# DATA EXCERPT
──────────
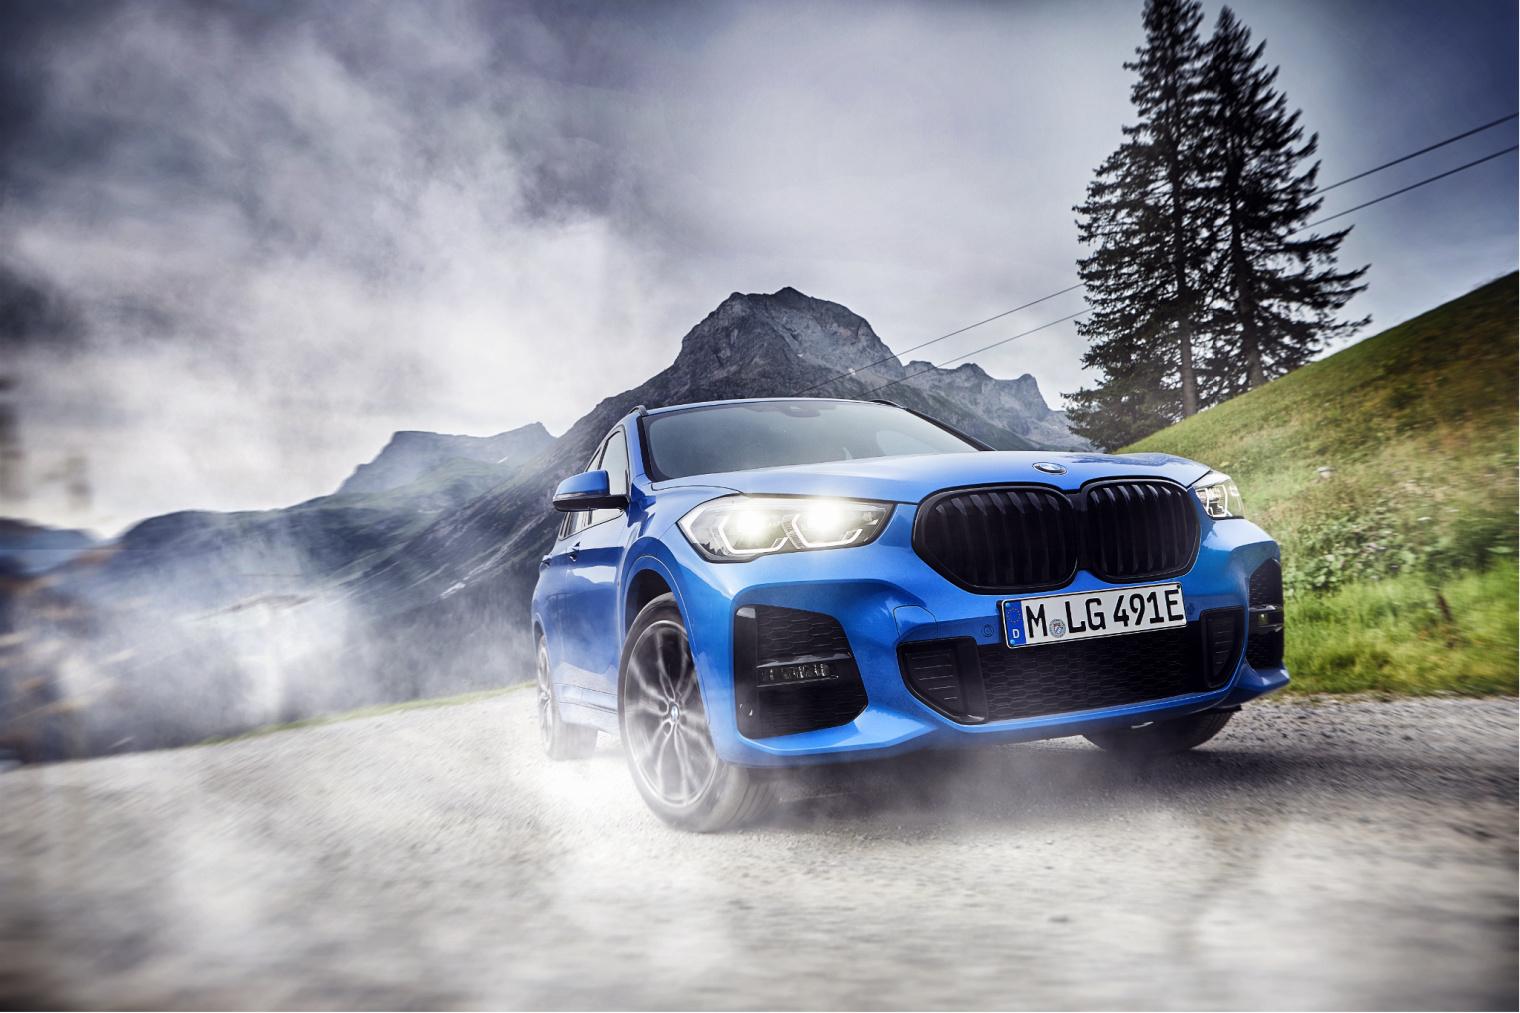 Nuova BMW X1 ibrida plug-in 2020 dinamica
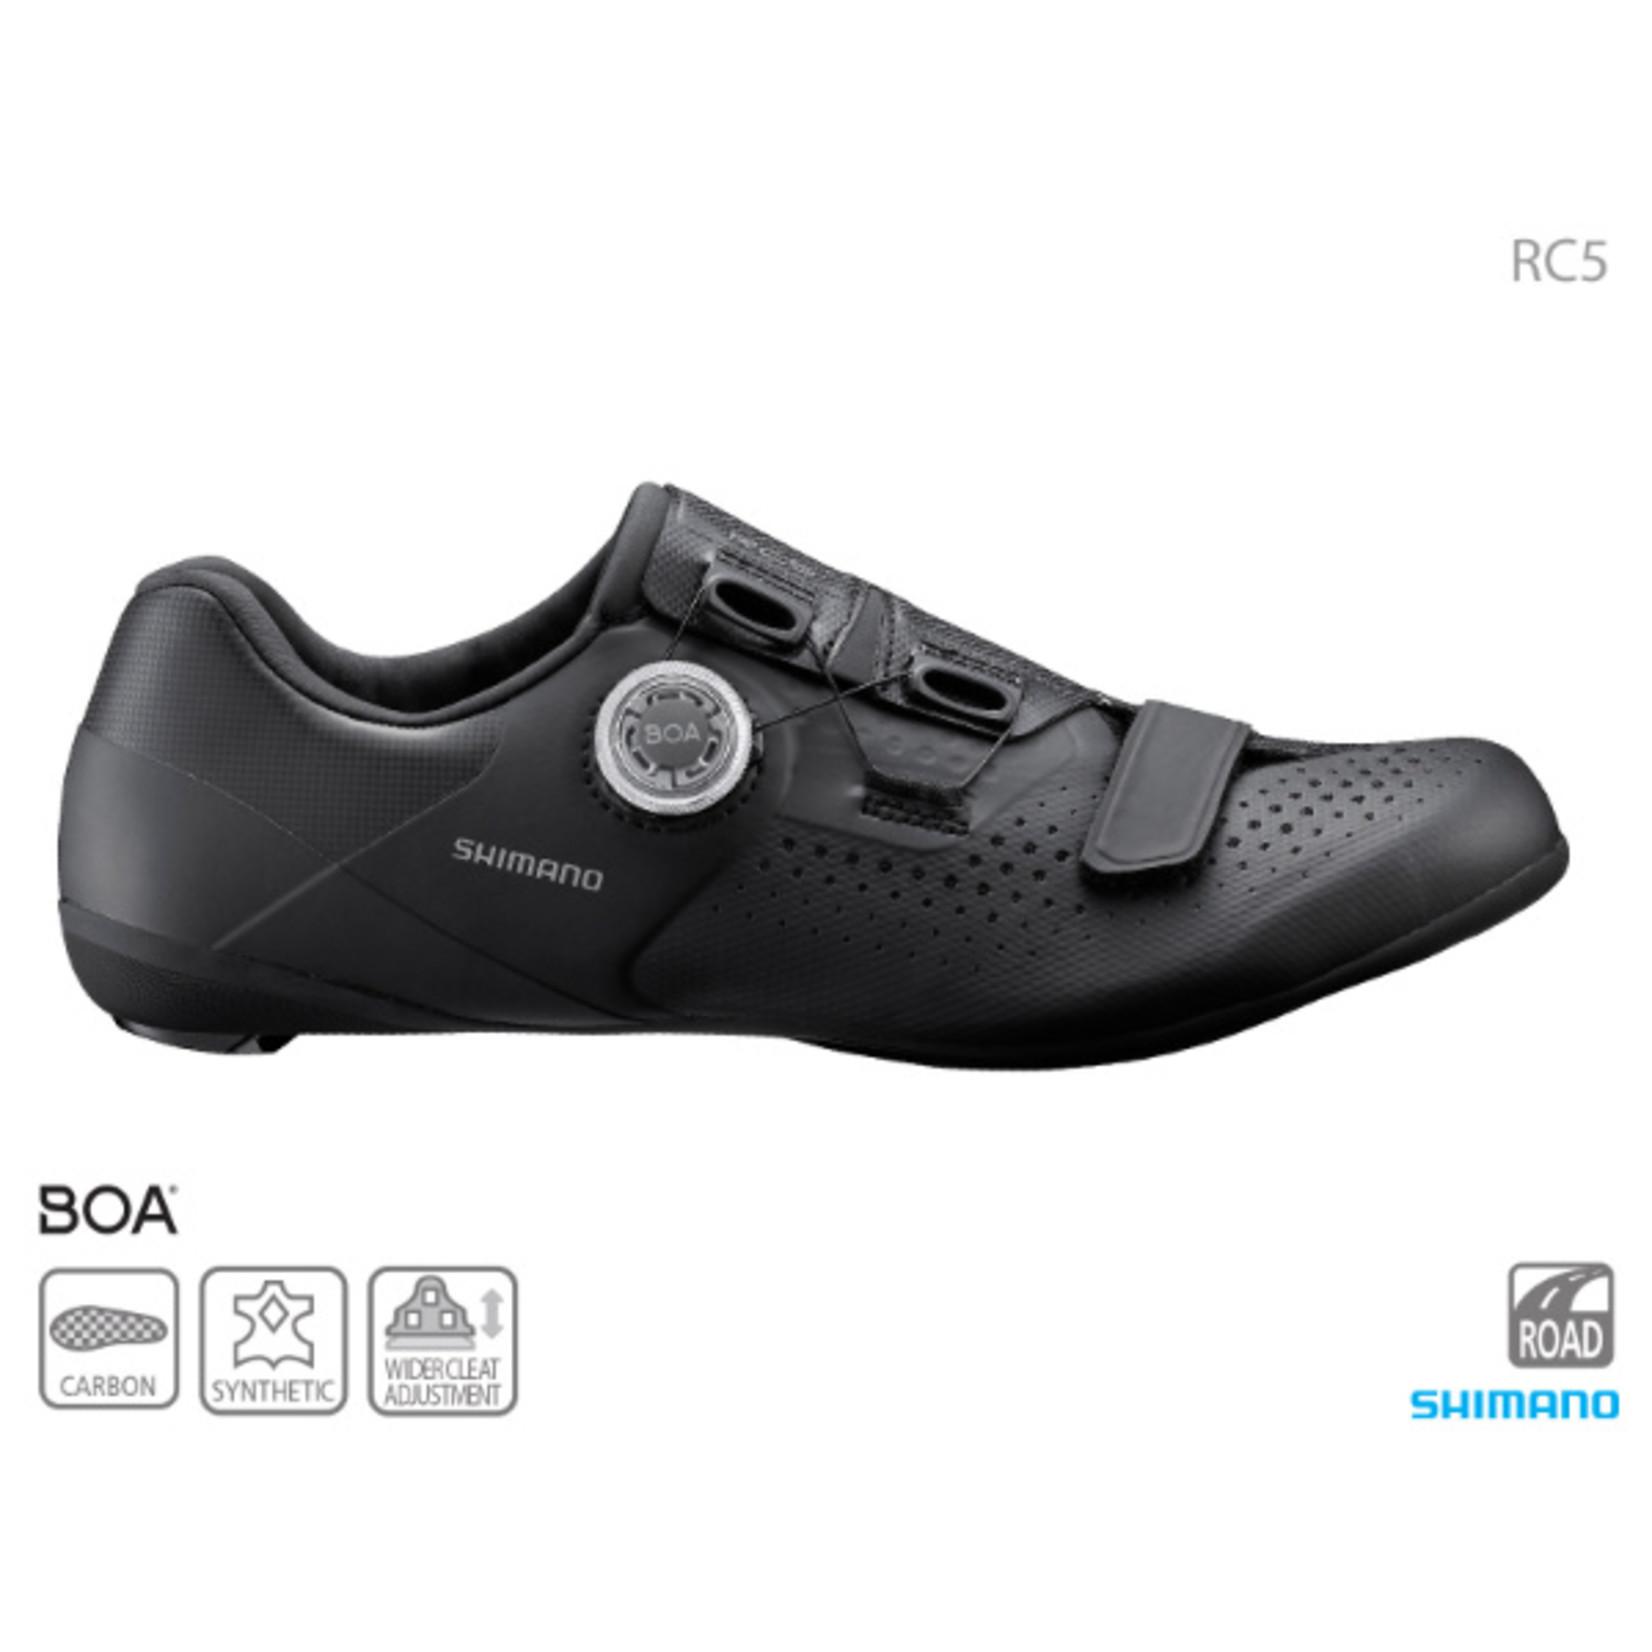 Shimano RC5 Road shoe Black
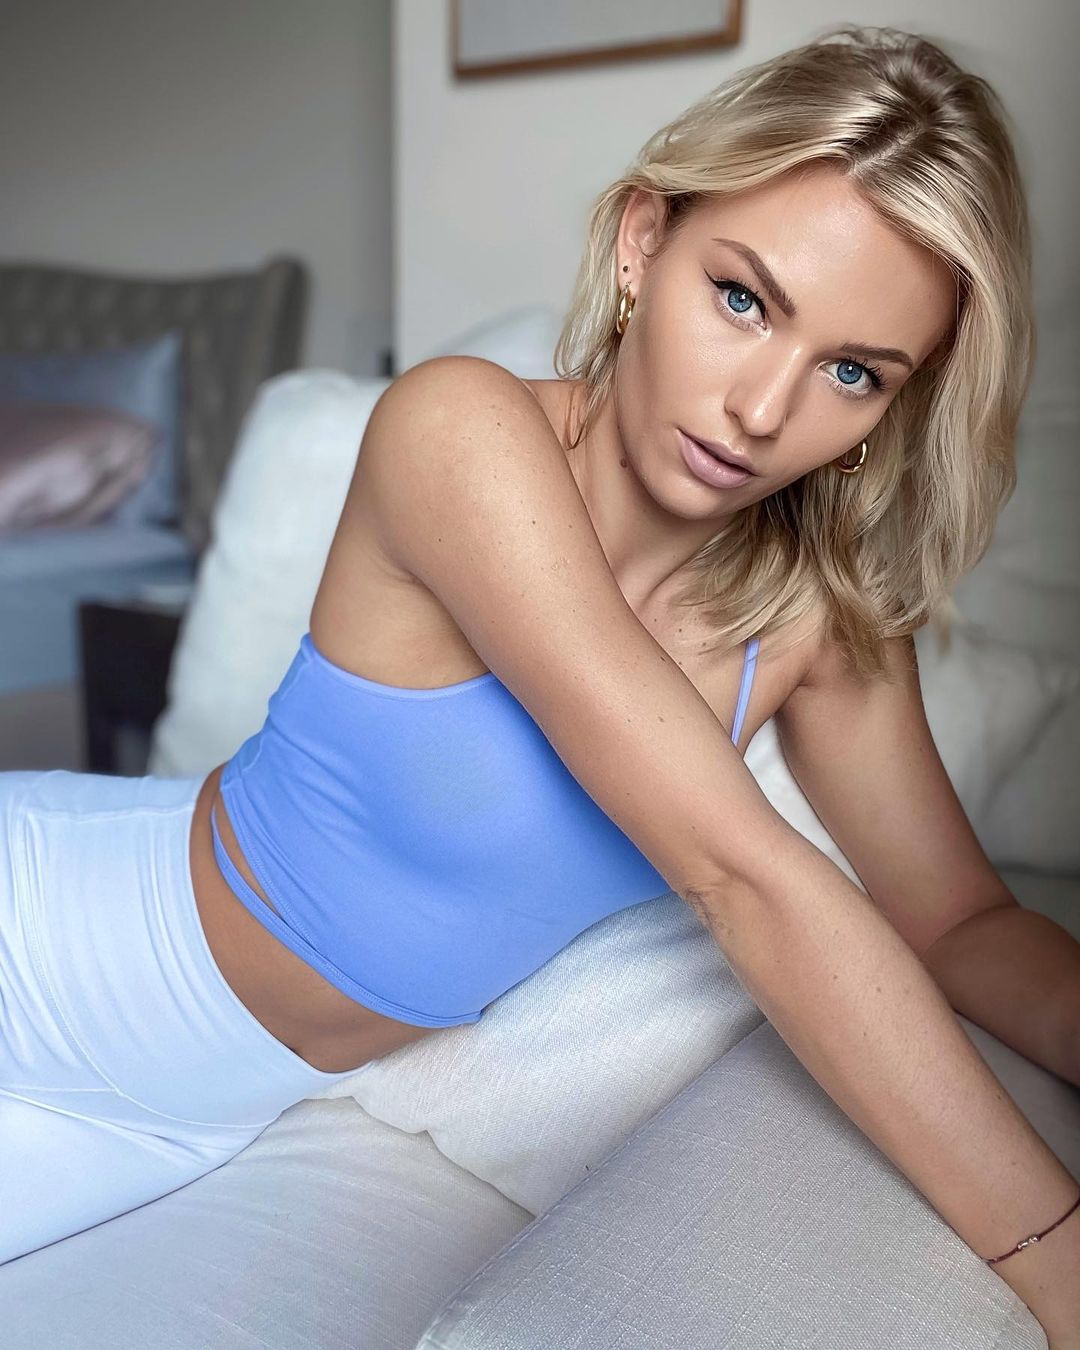 Revelan fotos de Irina Baeva antes de sus cirugías plásticas
──────────
# AIM OF THE EXERCISE
Restating the data word for word is the task, and pictures are to be omitted.

# RESPONSE TO THIS EXERCISE
 Nuova BMW X1 ibrida plug-in 2020 dinamica
 Shimano RC5 Road shoe Black
 Revelan fotos de Irina Baeva antes de sus cirugías plásticas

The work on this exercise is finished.